By far the most common fossil, based on the number of times it occurs in collections, is the snail Turritella, which is not only found almost everywhere since the Cretaceous, but is often quite abundant within each collection. But what I am going to argue here is that by whatever criteria one wants to use to measure commonness, Turritella is far outstripped by something called Chondrites. What is Chondrites? It is not a type of meteorite, although the spelling is identical. Instead, Chondrites is a trace fossil (aka ichnofossil), the class of remains that includes tracks, trails, burrow, borings, and everything else where the activity of an organism has left some sort of mark behind. Shells, teeth, bones, etc. are, in contrast, known as body fossils. Probably the most familiar trace fossils are the numerous tracks of dinosaurs which, like all trace fossils, give valuable clues to their maker’s behavior. Overall, however, compared to body fossils, trace fossils are unfortunately overlooked when we discuss the history of life.

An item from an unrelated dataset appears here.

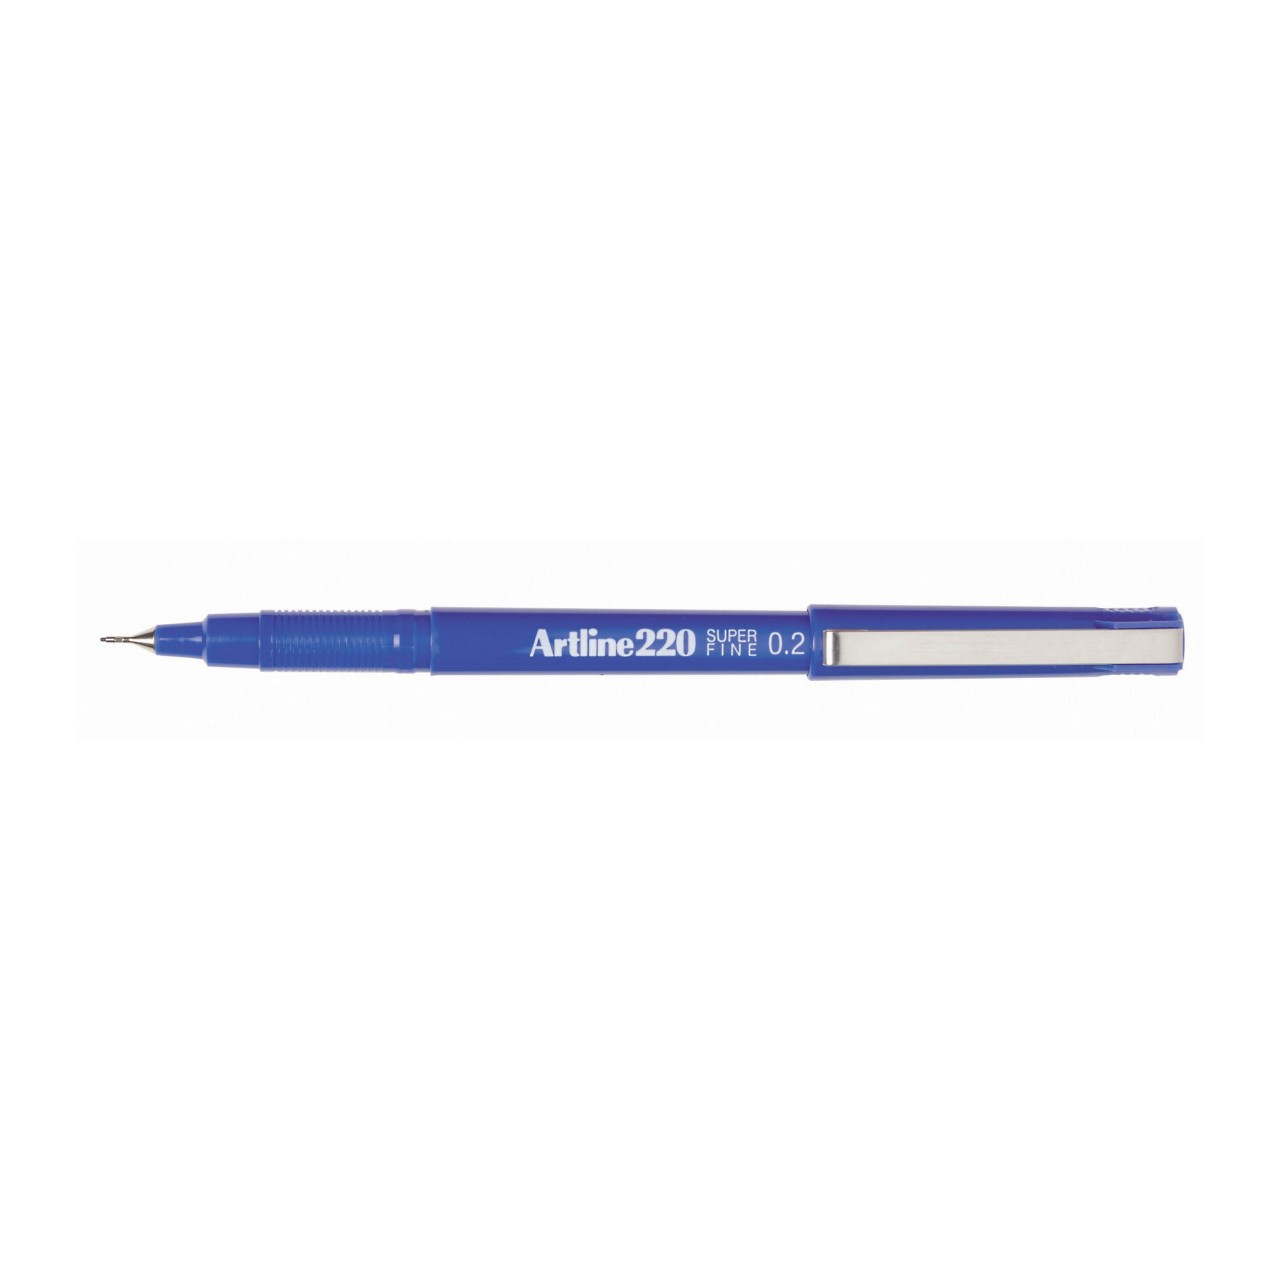 Pen Artline 220 Fineliner 0.2mm Blue (FS)

Chondrites is easily recognizable. It is a preserved burrow in firm marine sediments and, as described in the very useful site put together by Stephen Hasiotis and his students at the University of Kansas (http://ichnology.ku.edu/), is made of: “Large complexes of small root-like tunnels and shafts in dendritic patterns… Sometimes, look like bird feet.” Of course, you might be asking, “what made Chondrites and why?” As is often the case with trace fossils, there are no definitive answers. Based on its shape and comparison with burrows made by modern marine annelids, the trace maker was certainly some kind (or kinds) of worm-like animal. It is highly unlikely that the trace maker is a single species, since almost no species survive for 500 million years. It is more likely that it is a group of perhaps unrelated species, all with a worm-like body form, that moved in a similar way and left behind geometrically similar traces. And why was it moving this way? The reasonable consensus among trace fossil specialists (ichnologists) is that the animal was feeding on organic materials buried in the sediment, a life habit known as deposit feeding. The branching pattern represents an efficient way of mining a localized concentration of resources.

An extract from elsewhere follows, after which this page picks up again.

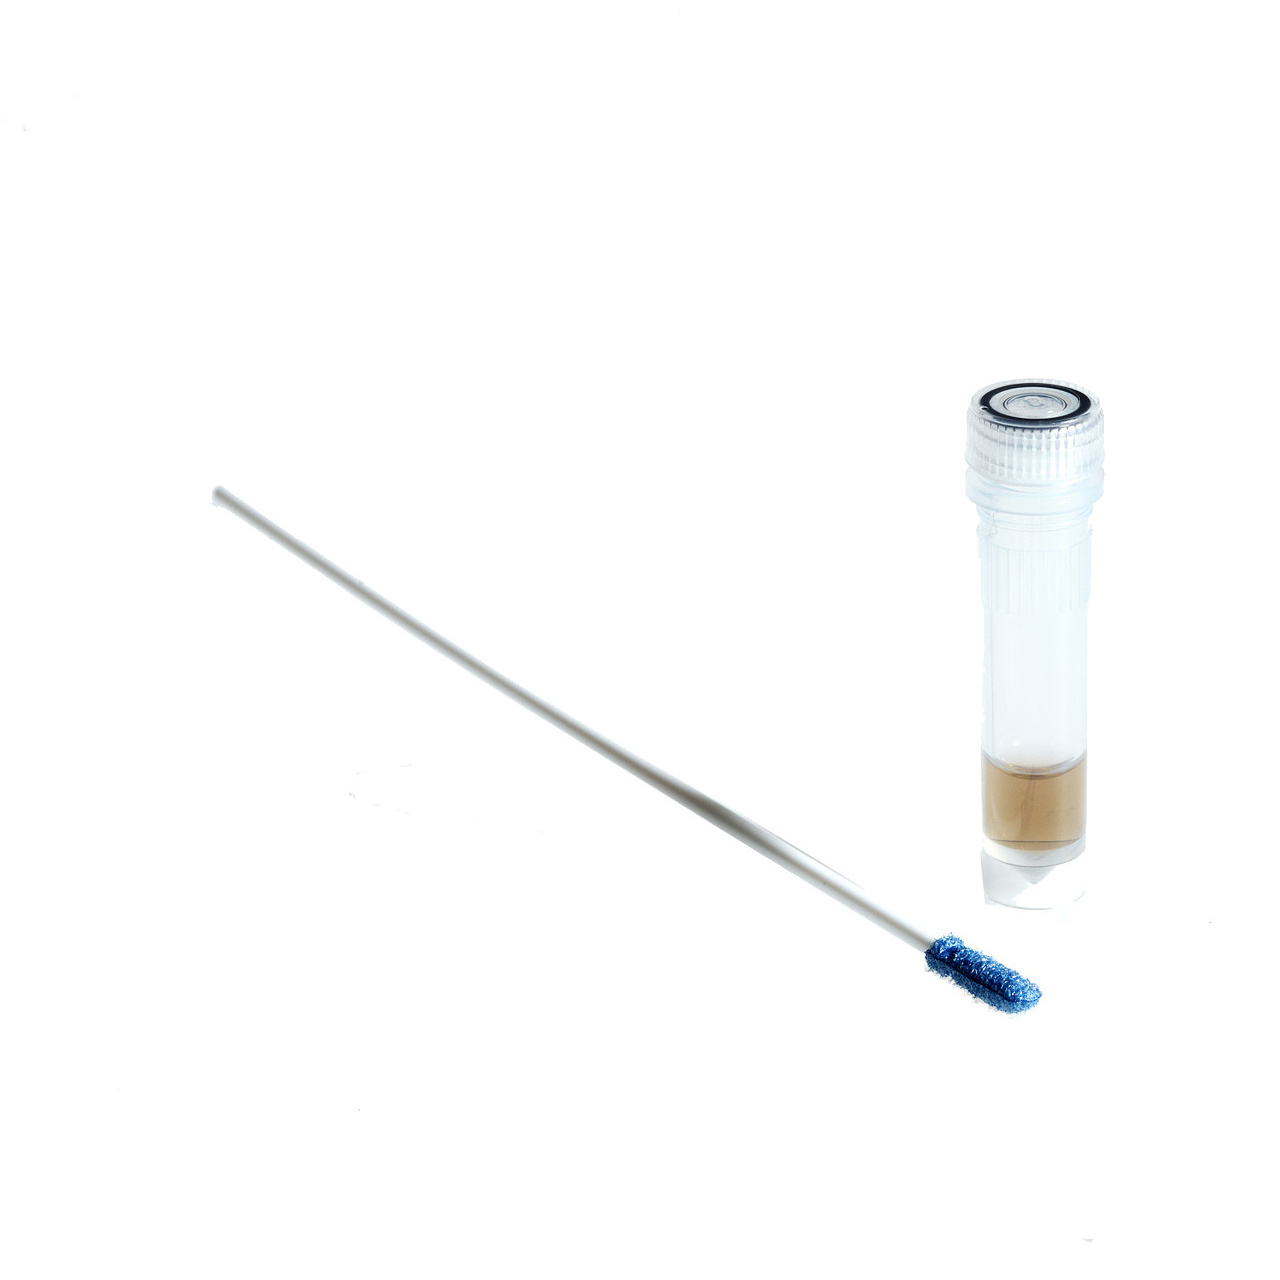 Getinge Assured Protein Instrument

Why do I argue that this may be the most common fossil of all time? First, Chondrites first appears in the Cambrian and has been found in deep sea cores of modern age, so it has existed for more than 500 million years. Second, it is found in wide range of sediments and environments, from shallow to deep water, including settings with lower than usual oxygen concentrations. And finally, and what has always struck me, is that there are a lot of them. I know of sites in the Ordovician of Illinois were there are acres and acres of rock containing Chondrites. Since these represent small exposed sites of what was once a vast shallow sea covering much of North America, the total number of these traces must be well up in the billions. Considering how numerous the trace makers must have been, their total impact on the ecology and environment of the oceans must have been tremendous.
There are other extremely common trace fossils. They represent the best record of those organisms, such as the myriad kinds of worms, that would otherwise leave no indication of their existence. They attest to how abundant these forms of life must have been. And they tell us that a history of life based only on body fossils is woefully incomplete.